■ **Task instructions**:
Using the material below, print a verbatim copy of every line from the one containing "Deuter - Freerider" through the one containing "Concert tour sarah", inclusive, and omit the pictures.

(Data for this task Opens)

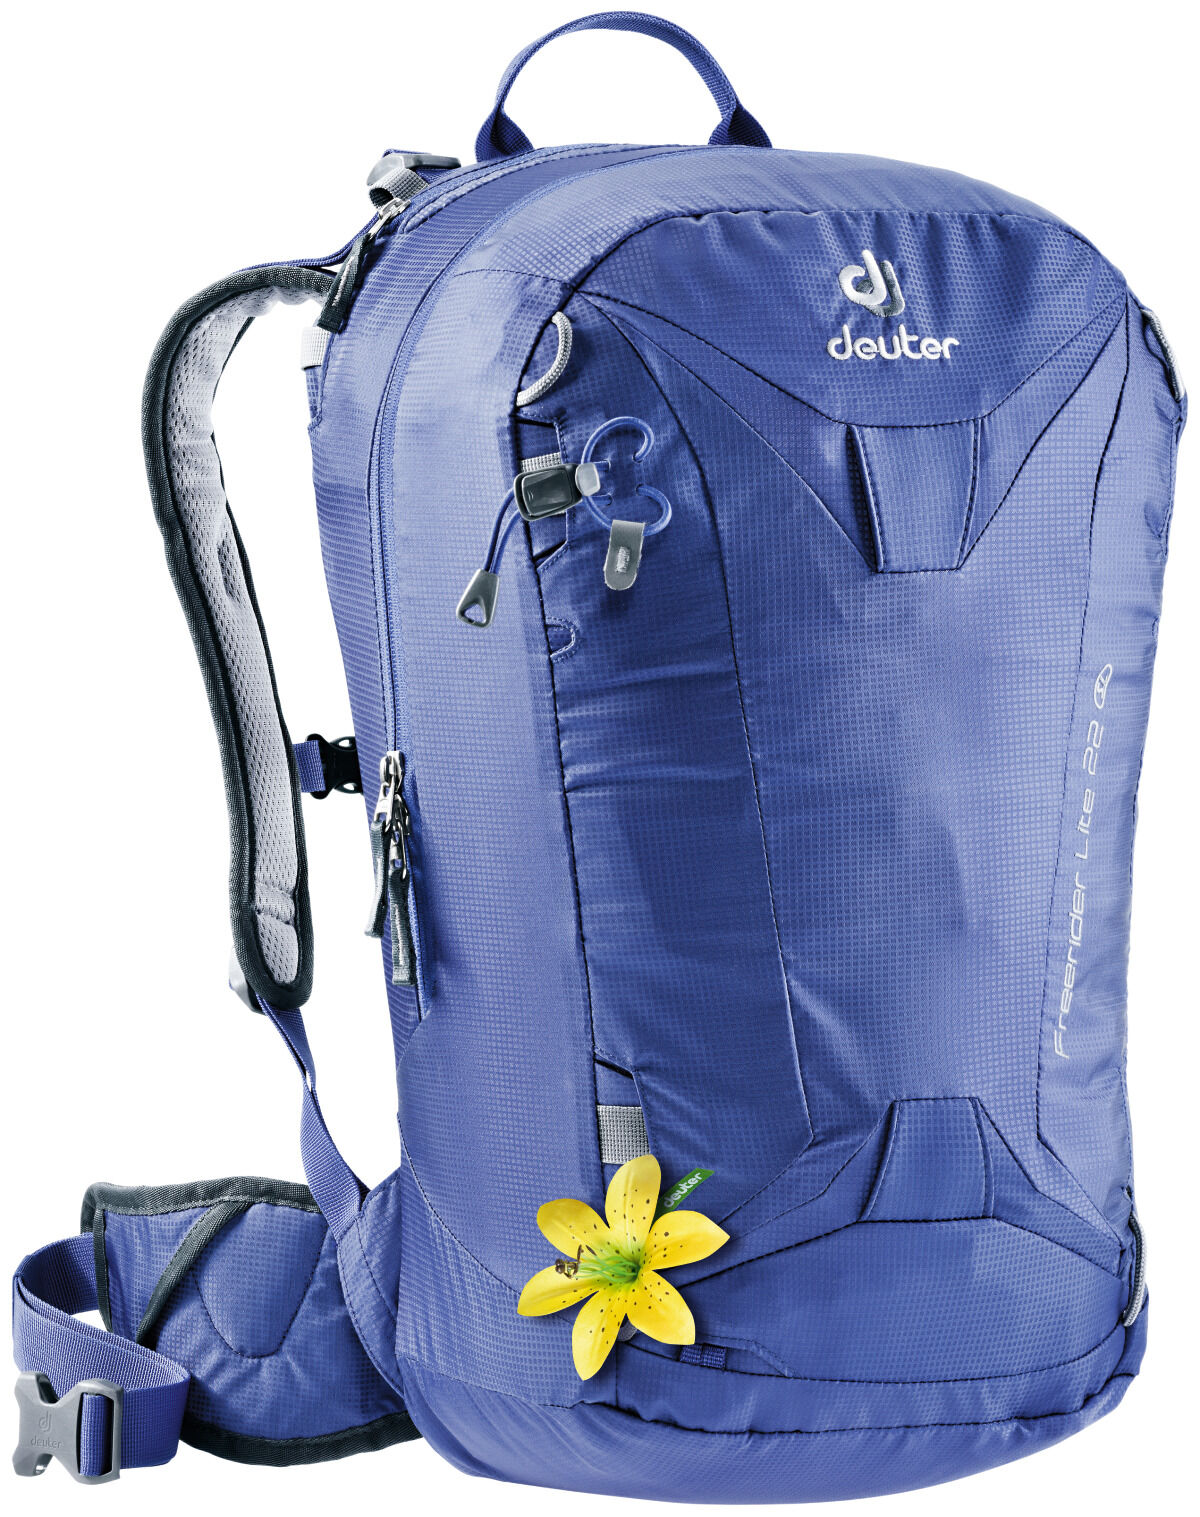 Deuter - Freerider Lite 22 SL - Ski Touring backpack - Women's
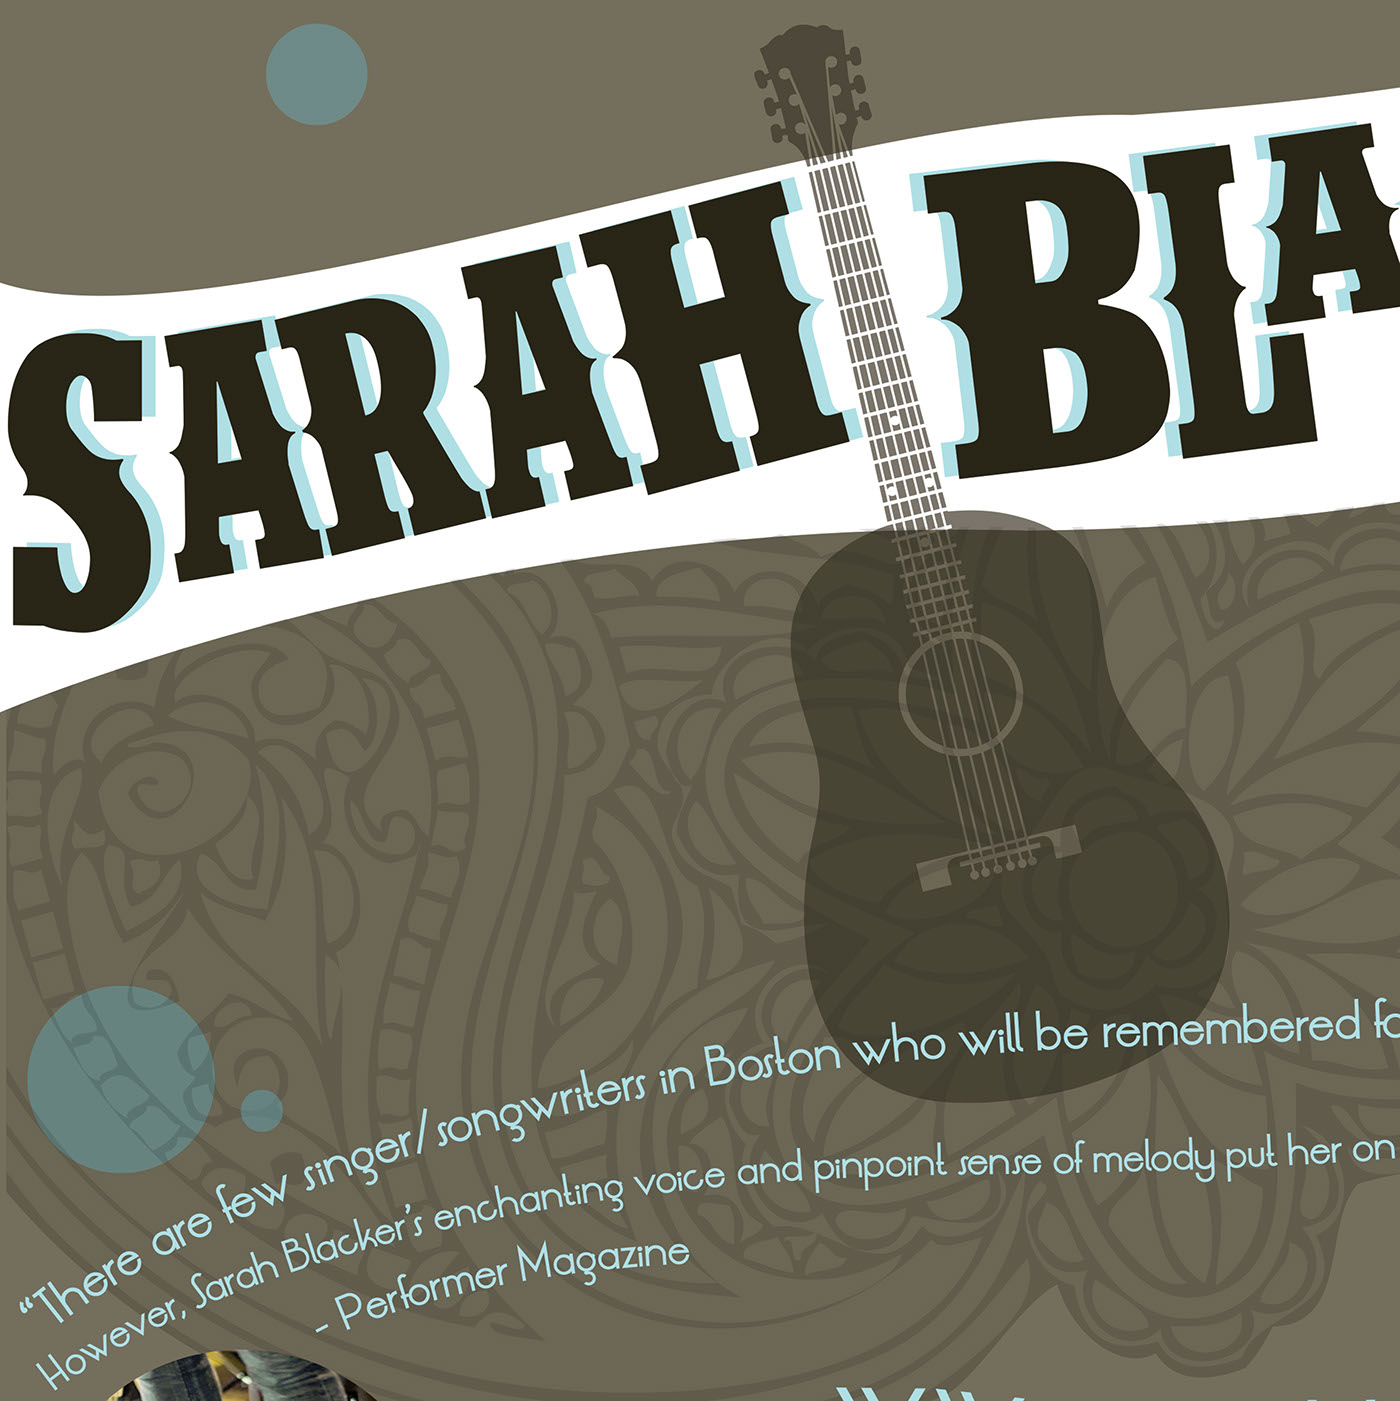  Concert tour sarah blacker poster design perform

(Data for this task Closes)
(Data for this task Opens)

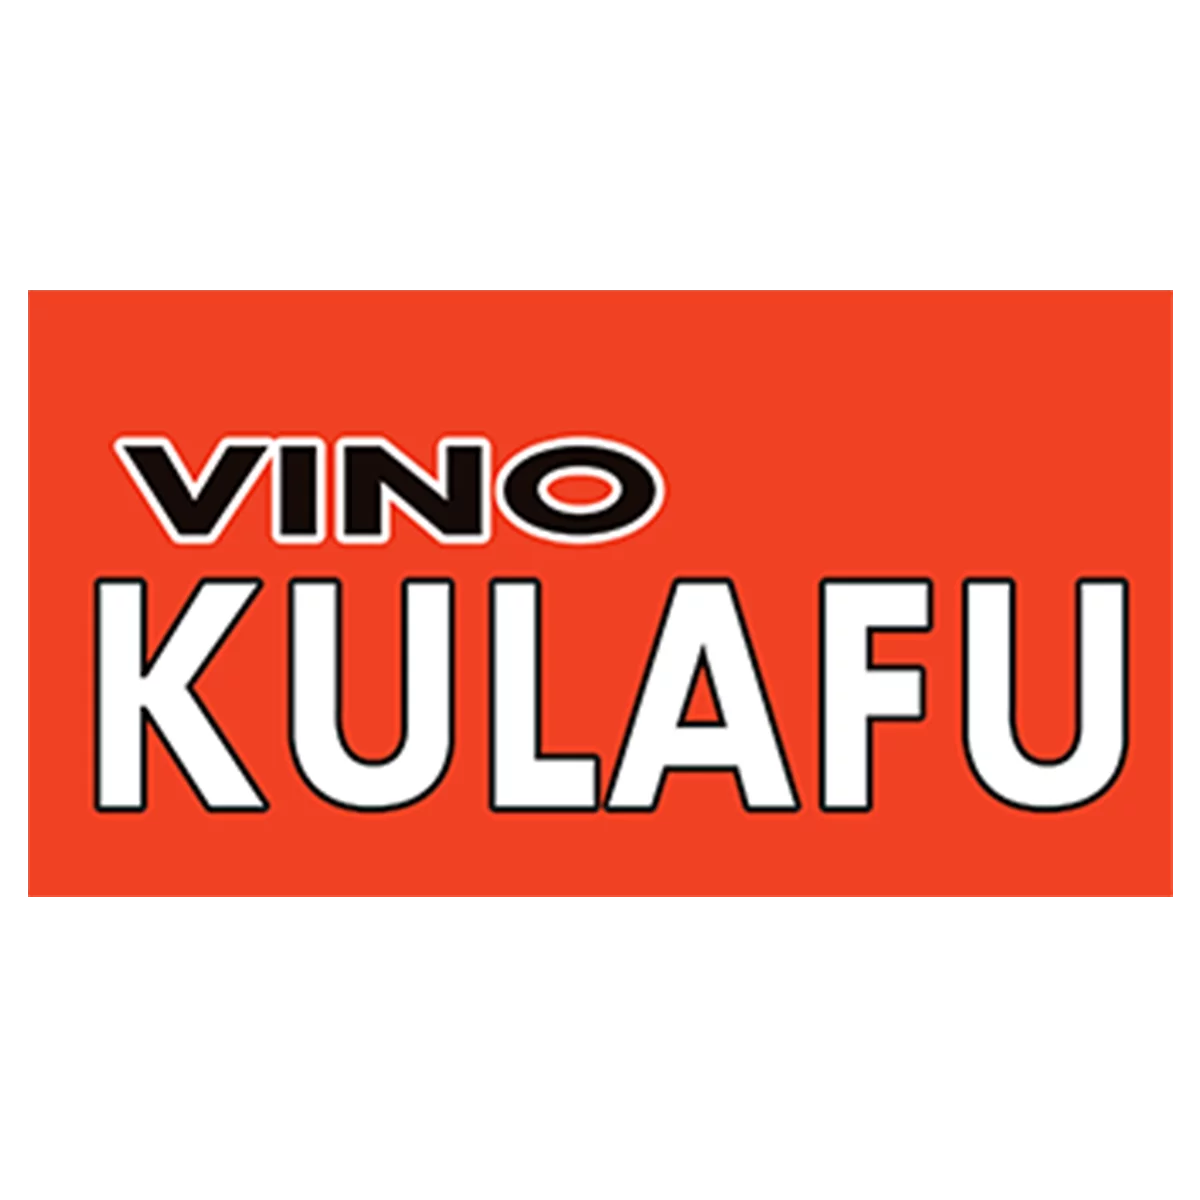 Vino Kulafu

(Data for this task Closes)
(Data for this task Opens)

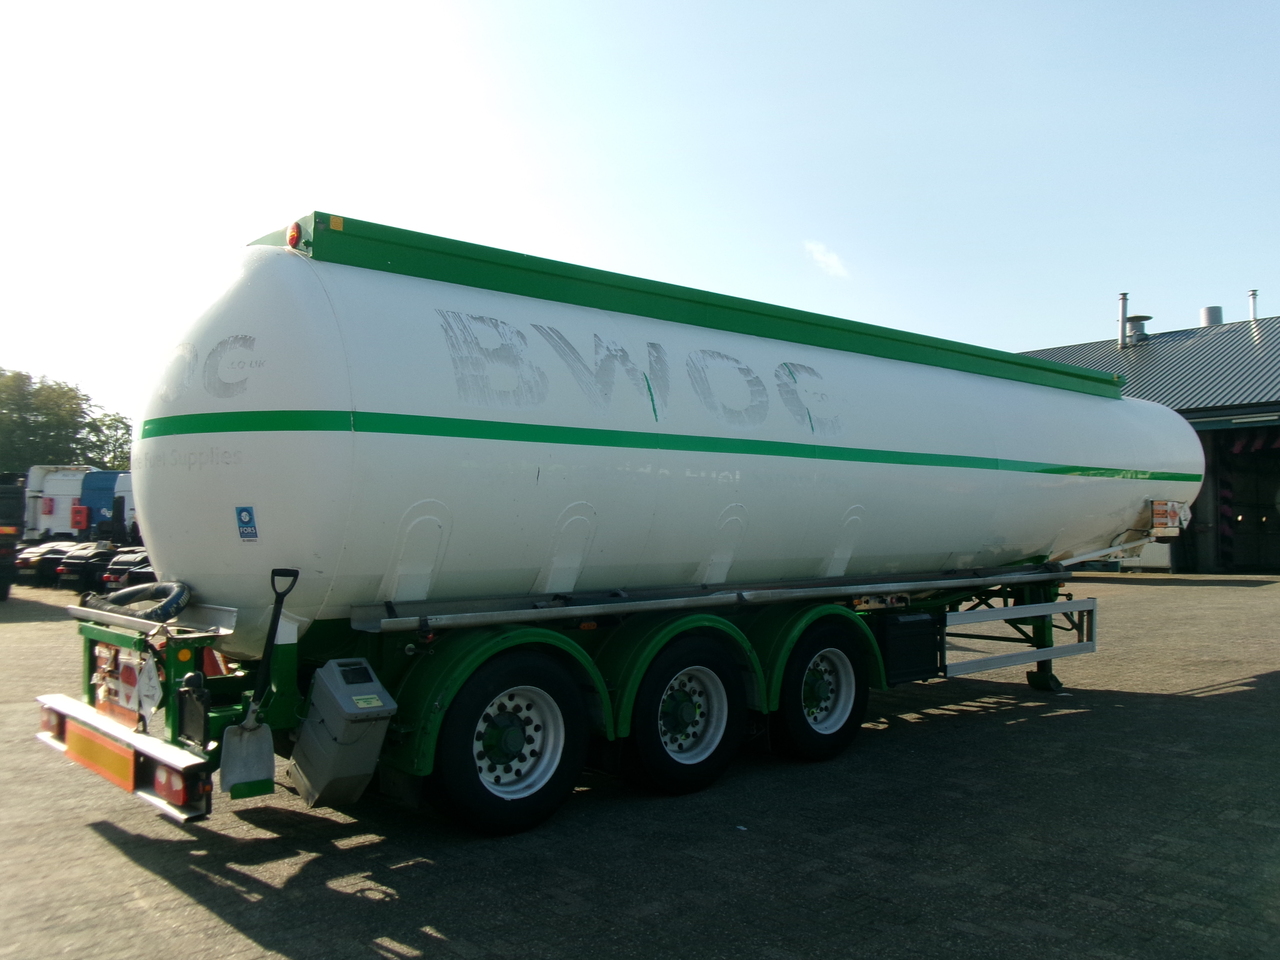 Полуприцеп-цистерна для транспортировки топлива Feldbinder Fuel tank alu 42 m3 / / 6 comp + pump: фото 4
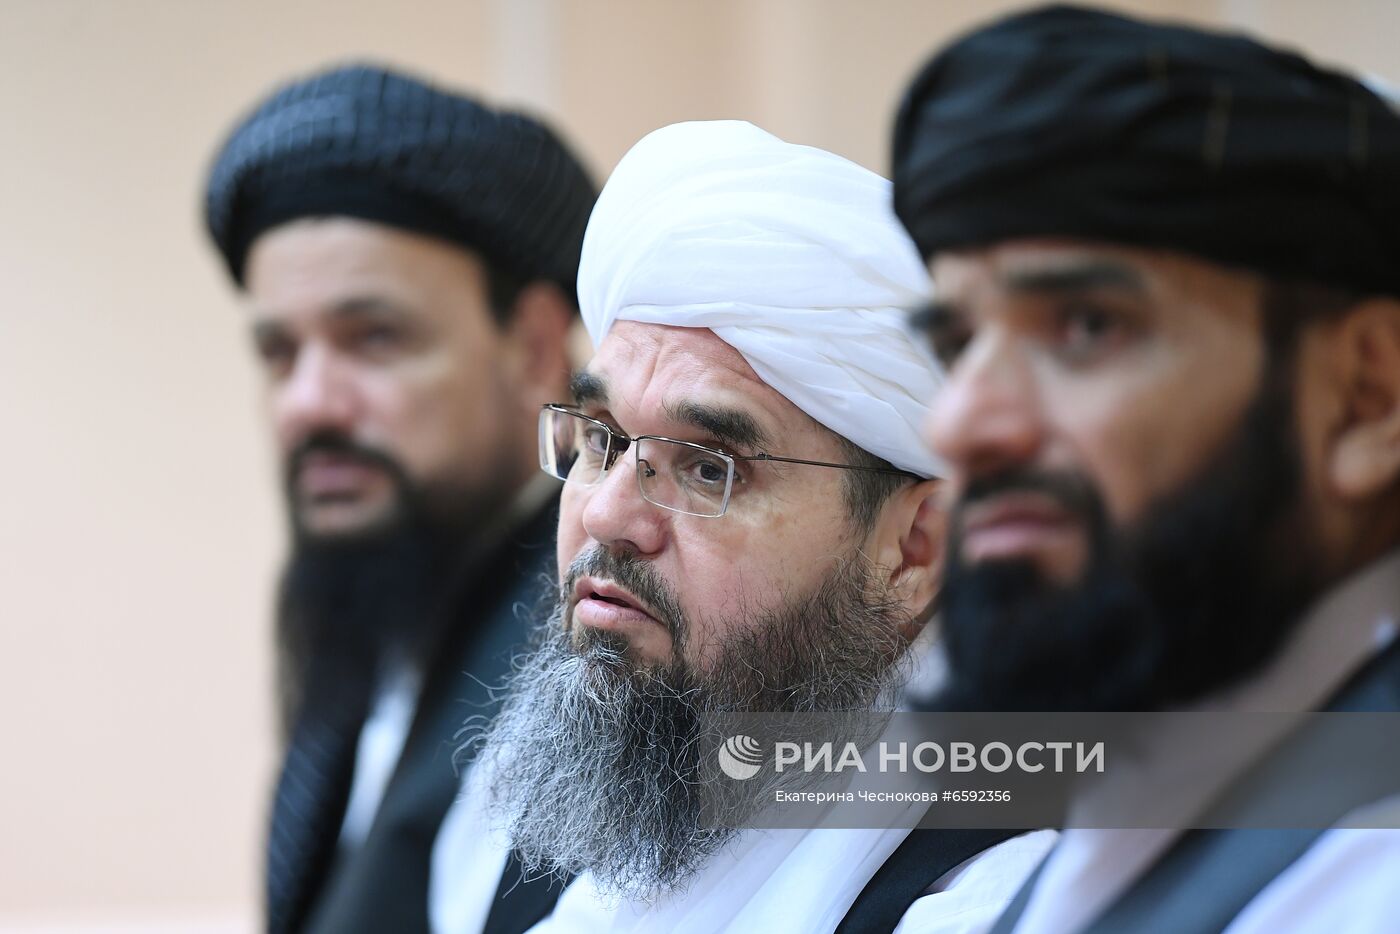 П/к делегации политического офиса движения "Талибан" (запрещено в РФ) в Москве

(Data for this task Closes)

■ **Answer section**:
 Deuter - Freerider Lite 22 SL - Ski Touring backpack - Women's
  Concert tour sarah blacker poster design perform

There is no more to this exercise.